WHAT TO PRODUCE: Omit each picture as you copy the entries exactly.
——————————
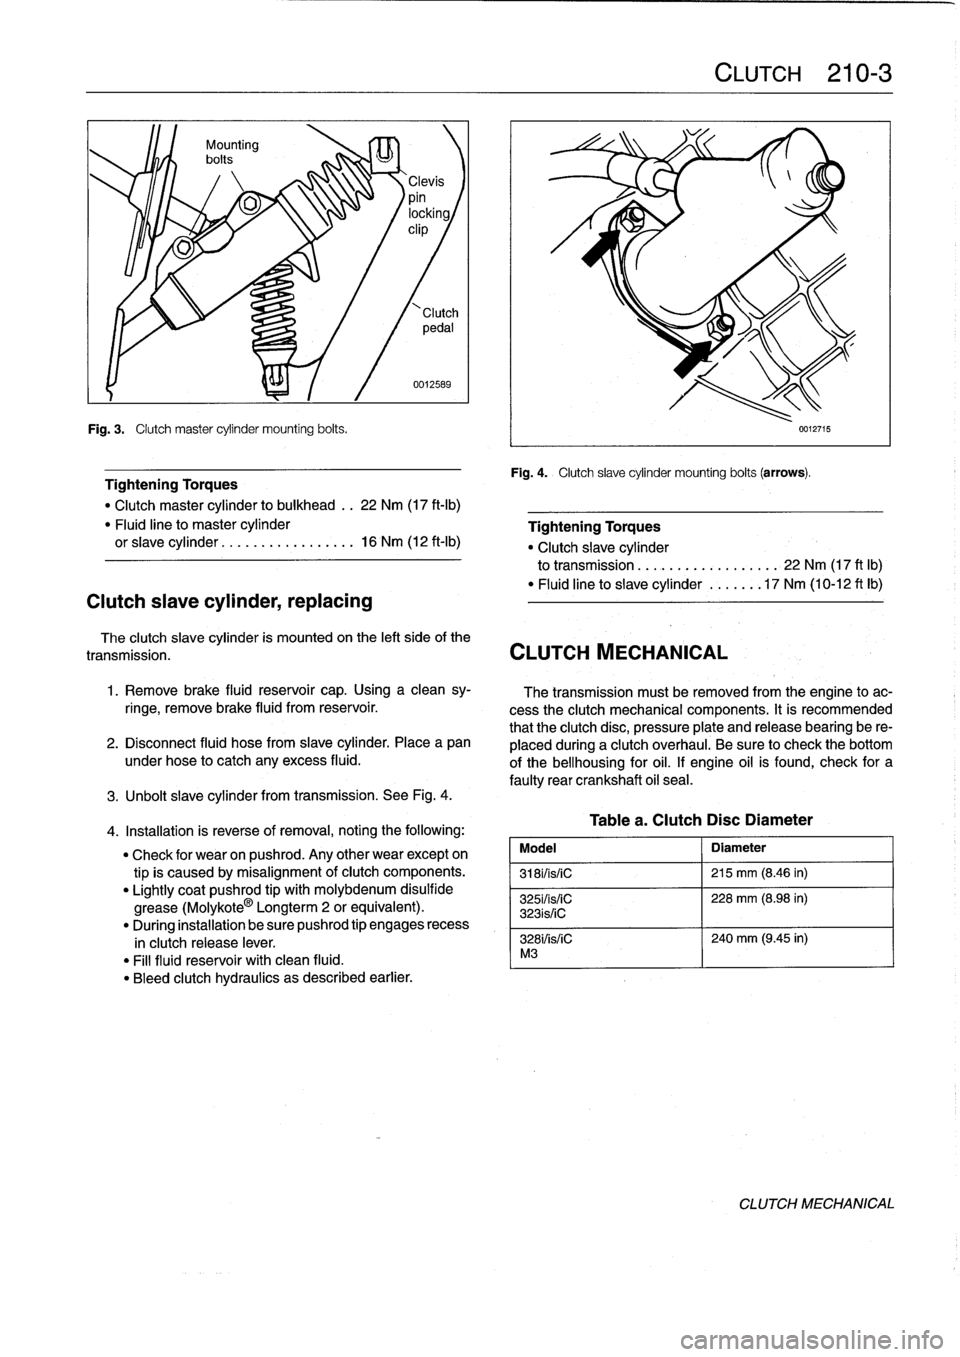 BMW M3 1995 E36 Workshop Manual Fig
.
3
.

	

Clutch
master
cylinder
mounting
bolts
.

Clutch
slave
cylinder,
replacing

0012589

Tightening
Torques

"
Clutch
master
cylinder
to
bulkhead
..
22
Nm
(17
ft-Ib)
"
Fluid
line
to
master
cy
——————————
RESPONSE FOR THIS EXERCISE:
 BMW M3 1995 E36 Workshop Manual Fig
.
3
.

	

Clutch
master
cylinder
mounting
bolts
.

Clutch
slave
cylinder,
replacing

0012589

Tightening
Torques

"
Clutch
master
cylinder
to
bulkhead
..
22
Nm
(17
ft-Ib)
"
Fluid
line
to
master
cy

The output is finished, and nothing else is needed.